At Greater Southeast Community Hospital, about 5 per cent of patients who come to the emergency room could be cared for in a doctor's office, according to Dr. Patricia Russell, director of Greater Southeast's emergency room. The problem, according to Russell, is that the area around Greater Southeast has one of the lowest concentrations of physicians of any area in the region. Persons coming to the Greater Southeast emergency room are asked three separate times if they have a personal physician, Russell said. "Well over half the patients say do not have a physician," she said.
To confront the problem, Greater Southeast has at least three physicians on duty in the emergency room from 10 a.m. until midnight. Since about one-third of patients coming into Greater Southeast's emergency rooms are under 16 years of age, Russell said, one of the physicians on duty 14 hours a day is a pediatrician.
In addition to the shortage of family physicians, Russell cited reasons why people visit emergency rooms, "Somehow the concept has gotten into people's minds that if they need a physician between 8 and 5, Monday to Friday, they'll call him, but outside of those times, no matter what arrangements the physician makes, they'll go to the emergency room," she said.

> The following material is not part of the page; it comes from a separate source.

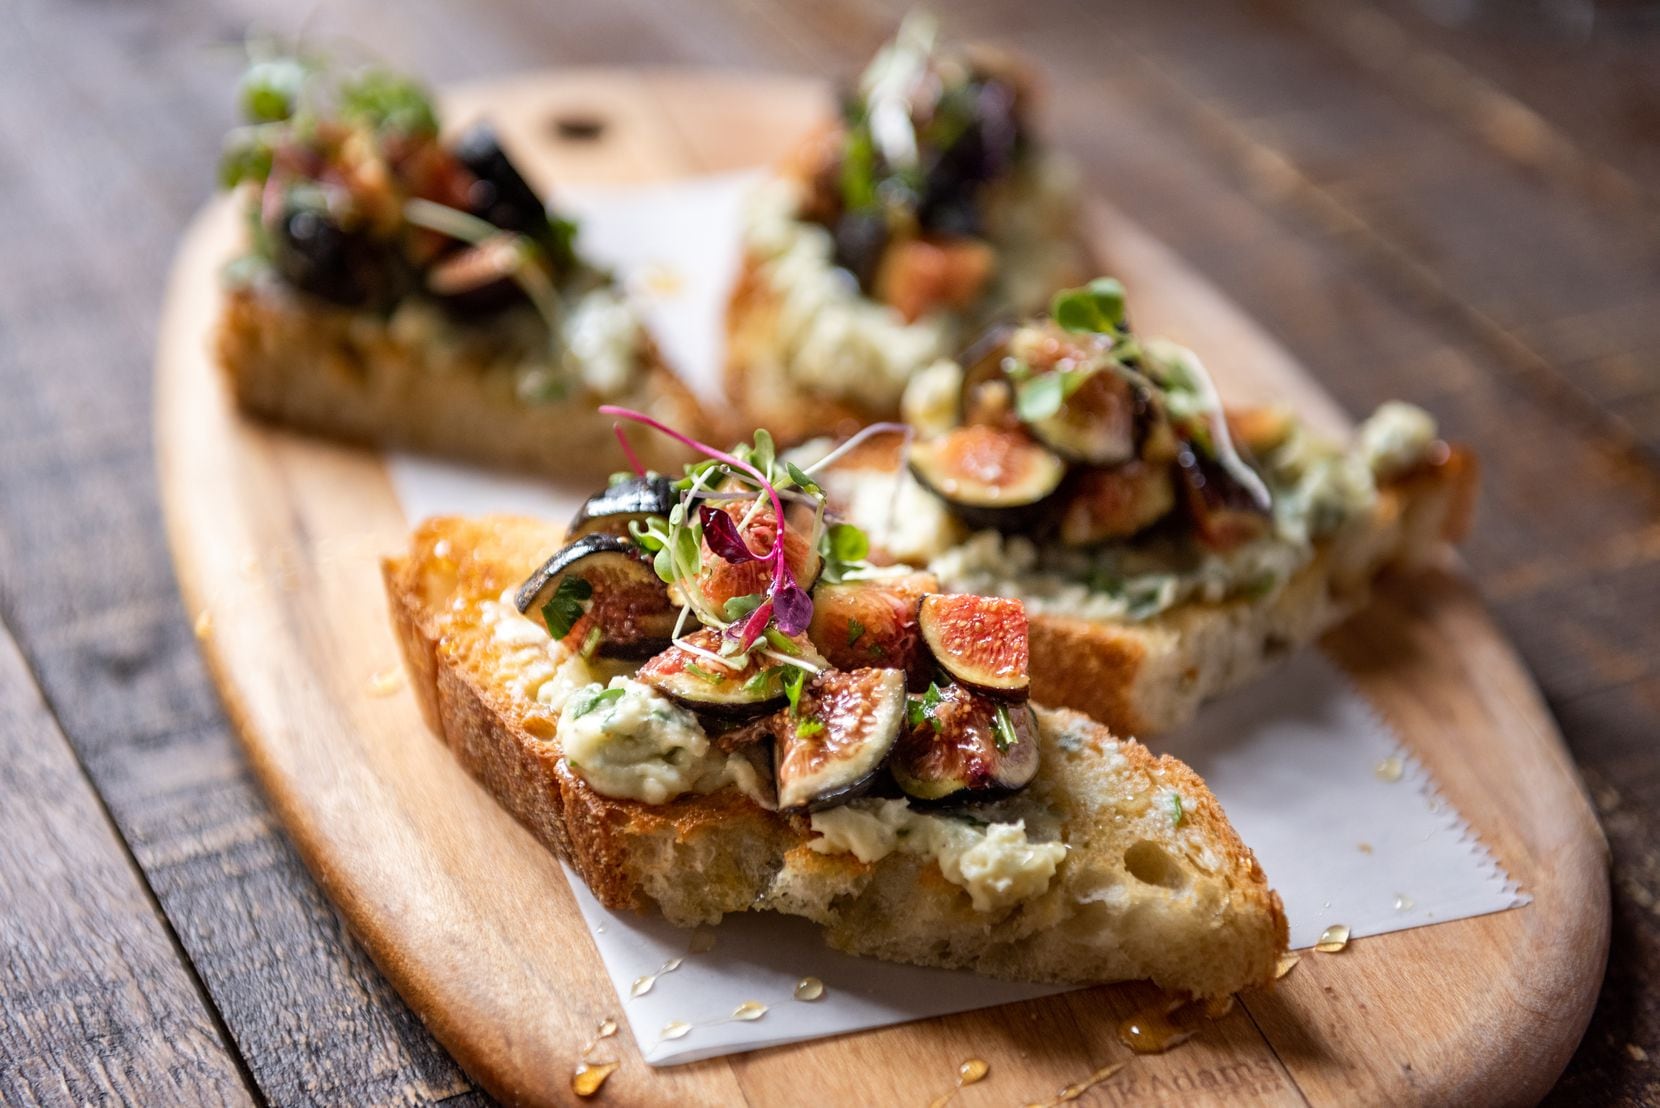 Cru Food and Wine Bar offers fresh fig and gorgonzola bruschetta as part of its Father's Day brunch.
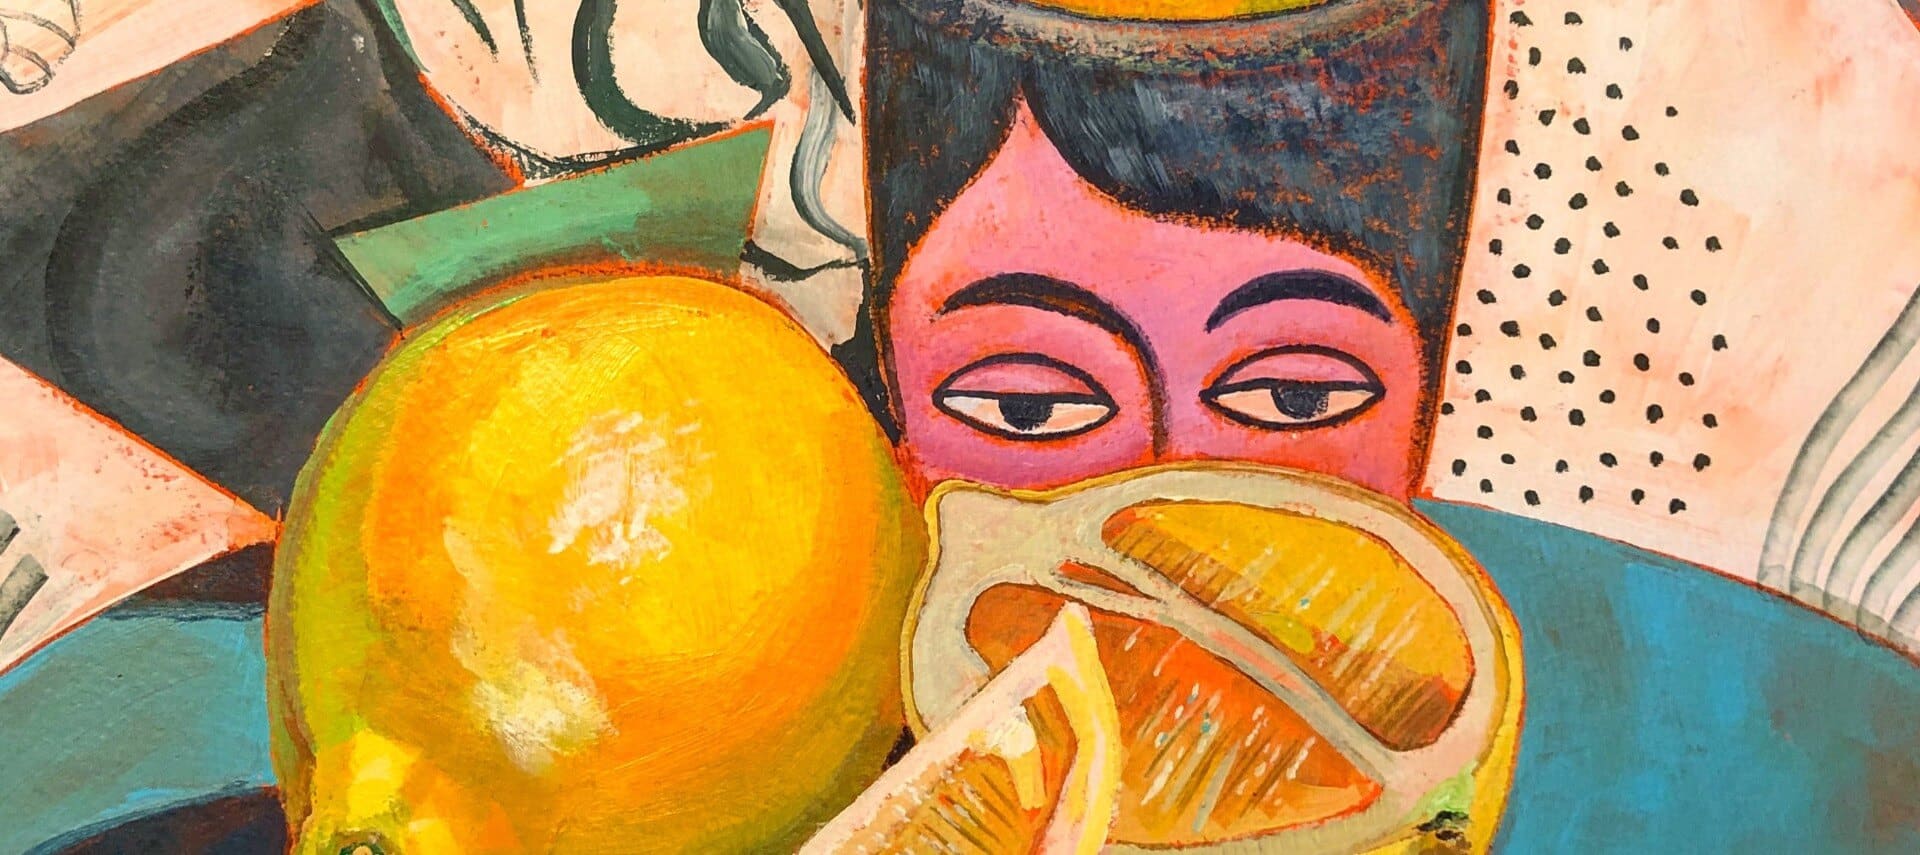 Painting of a personw ith black haor looking over a table with whole and cut lemons on it.

A survey done for Blue Cross by the Roper Reports supports Russell's conclusion. Persons surveyed were asked whether they would take a problem to their family doctor or to the emergency room on weekdays and on the weekend.
Sixty per cent of those surveyed said they would call their doctor on a weekday if they had a severe stomach or abdominal pain, and 31 per cent said they would go to an emergency room. On weekends, however, 51 per cent said they would call a doctor, and 38 per cent said they would go to an emergency room.
Part of the reliance on emergency rooms can be explained by the failure of a mobile population to find a family physician after moving into a new community. "I think one of the most difficult things in moving into a new area is finding a physician," Russell said. "I hear this in Montgomery County as much as any place else."
Each of the local medical societies provides a service to recommend names of at least three doctors to callers requesting it.
When a doctor is called on short notice, there is no guarantee he will see a patient. "They're on call for known patients," Corn said "If you are not known to them, they're not inclined to deal with you."
Going to the emergency room also is easier than seeing a physician especially when cost is not a factor. Of 200 patients visiting the Greater Southeast emergency room March 20 - a normal day - all but eight had some form of coverage to pay for the visit.
The standard complaint of persons who take their non-emergency medical problems to the emergency room is that they are kept waiting too long.Attempts to deal with the problem can be self-defeating.A Blue Cross study in Michigan described the problem and what happened when a solution was tried:
"Delays in seeing patients lengthen. Complaints are more frequent; hospital staff often respond to the increased load by becoming less sympathetic with patients with minor illnesses; true emergencies are less easily identified, and prompt care for them may be jeopardized.
"As some efforts are made to improve conditions, another chain develops. If staff is added, waiting time reduced, translators brought in and minor discomforts of patient convenience relieved, the word gets about. The emergency room again becomes a desirable and speedy and convenient way to get medical attention, queues again lengthen, and the whole process starts in again," the study said.